▸ **PROBLEM**
Leave the pictures out, and transcribe the material below exactly from the line with "Dreem uses soundwaves to improve your sleep" to the line with "house at xonxerra", both lines included.

▸ **DATA FOR REVIEW**

-=-=-

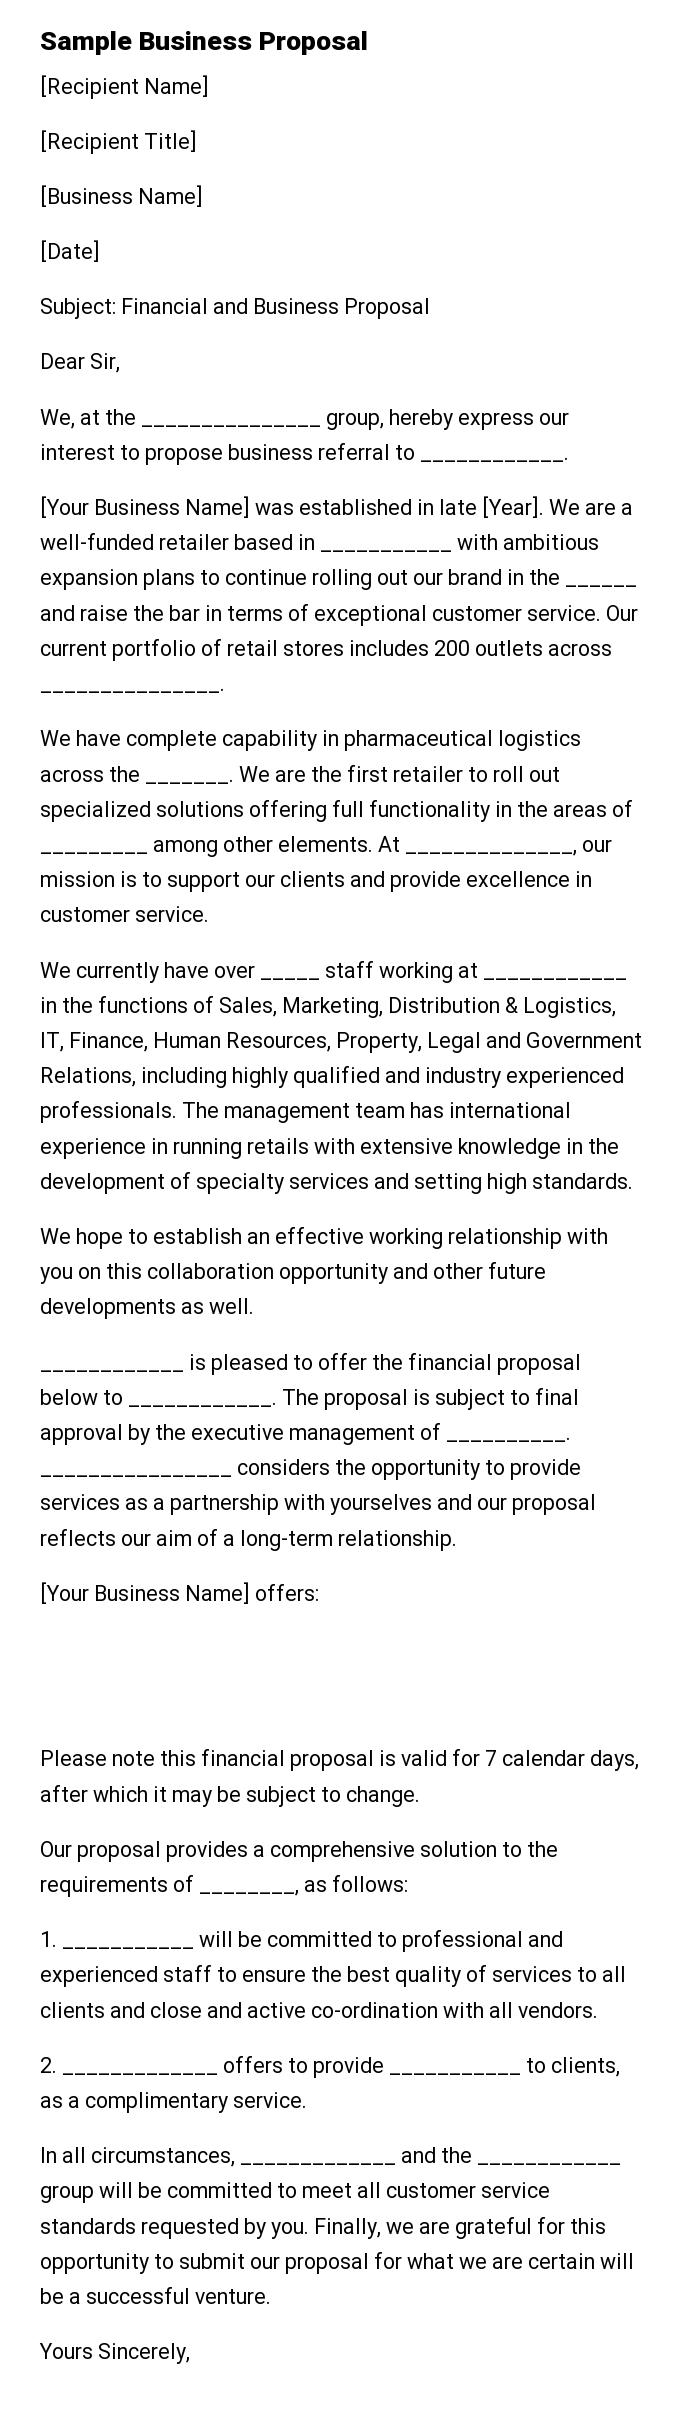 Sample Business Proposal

-=-=-

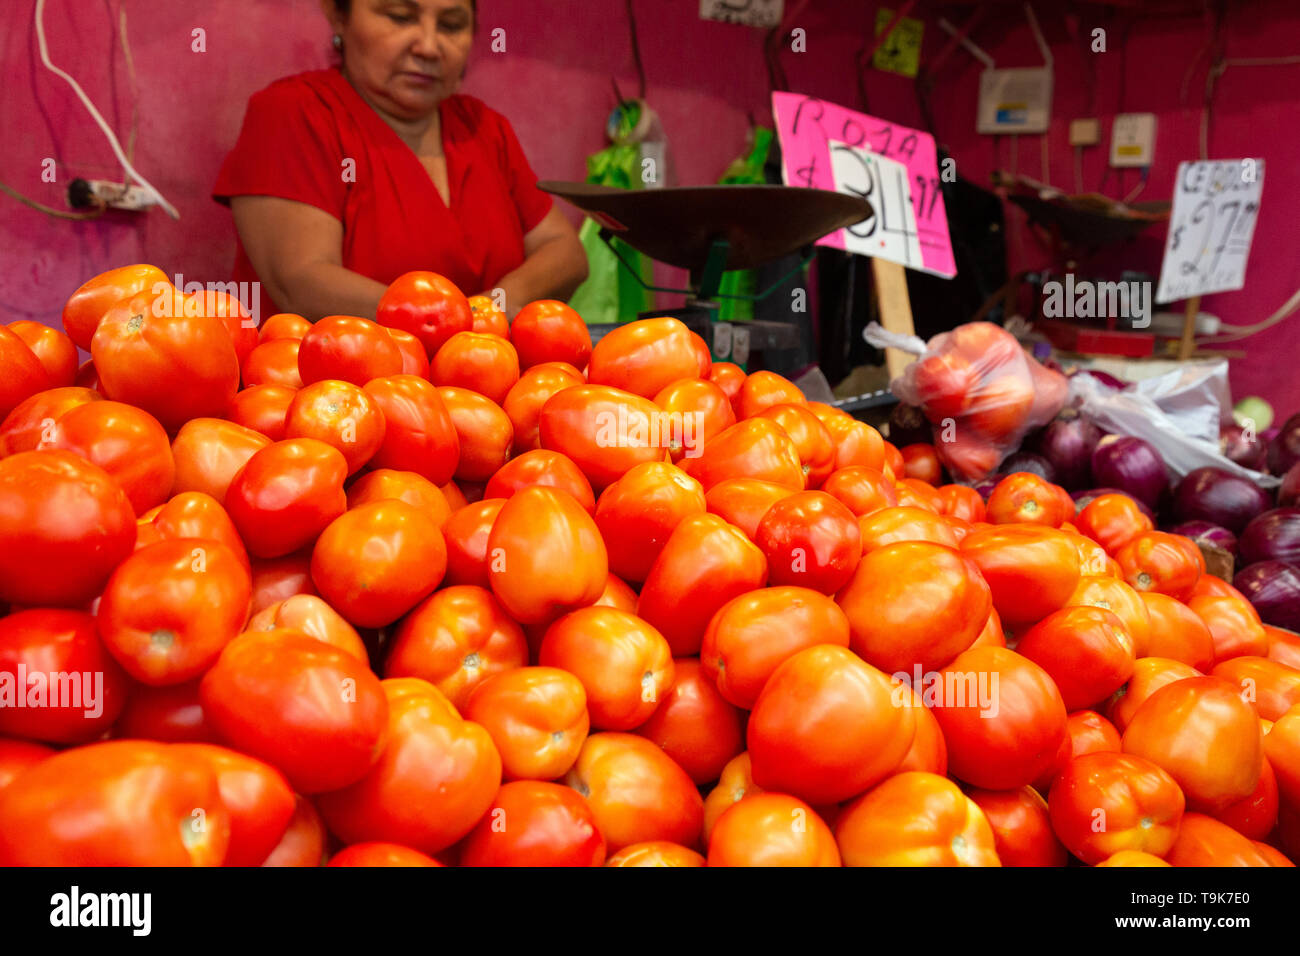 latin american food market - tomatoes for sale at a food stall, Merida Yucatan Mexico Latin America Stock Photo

-=-=-

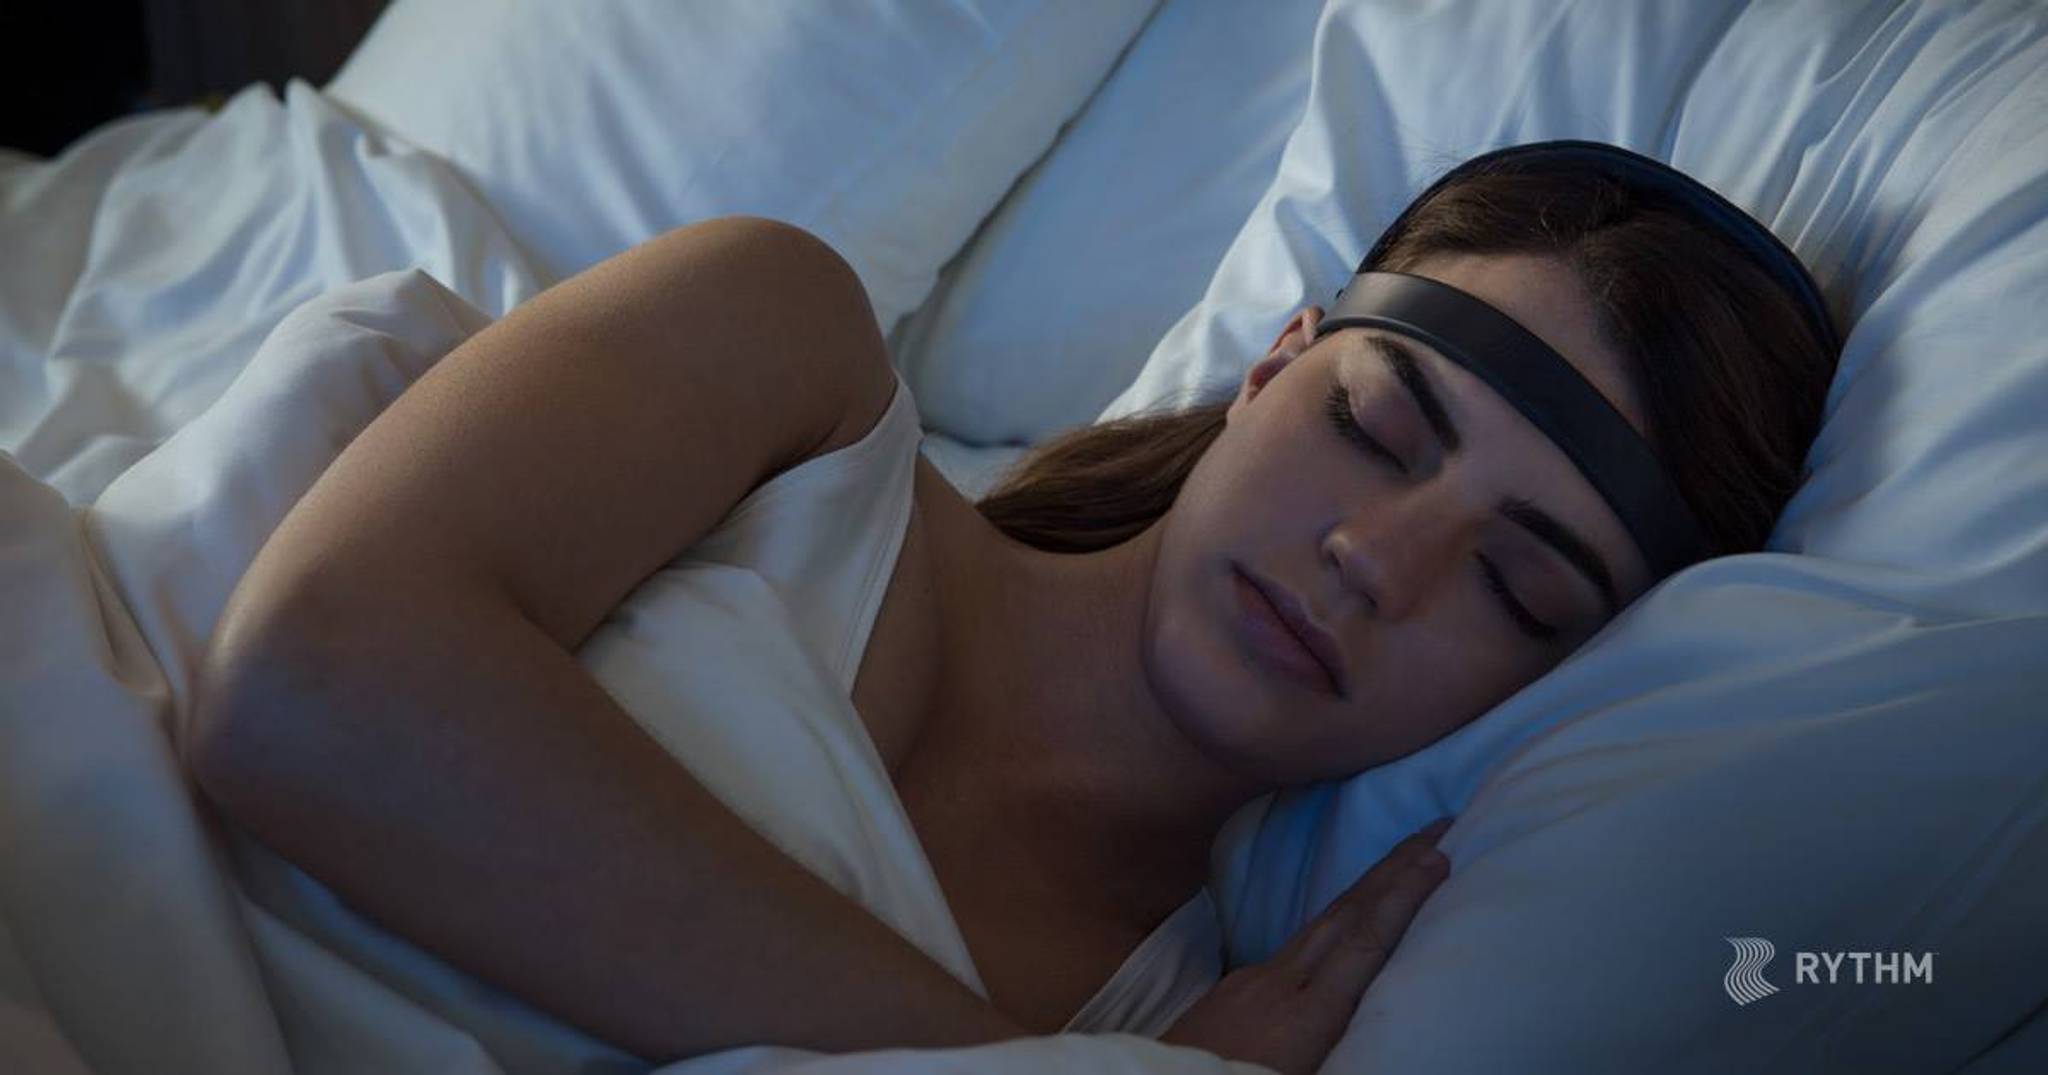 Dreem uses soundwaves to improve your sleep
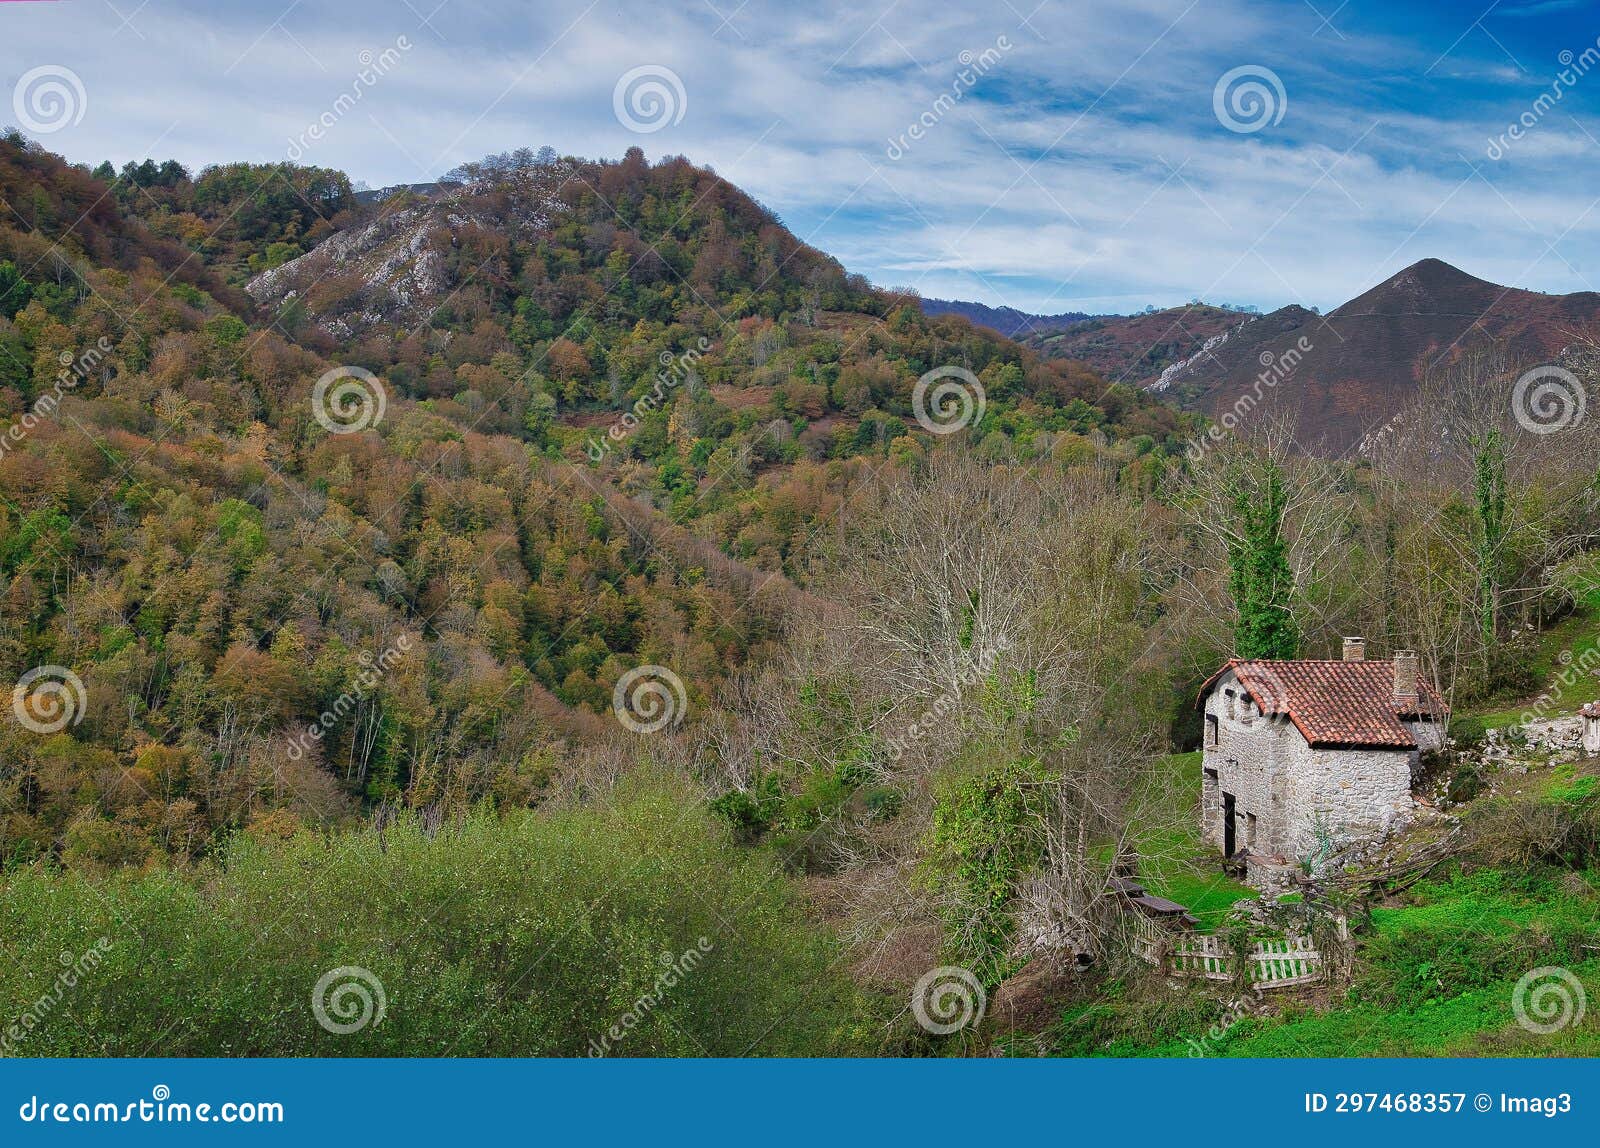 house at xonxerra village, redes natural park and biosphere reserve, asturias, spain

-=-=-

▸ **WRITTEN ANSWER**
 Dreem uses soundwaves to improve your sleep
 house at xonxerra village, redes natural park and biosphere reserve, asturias, spain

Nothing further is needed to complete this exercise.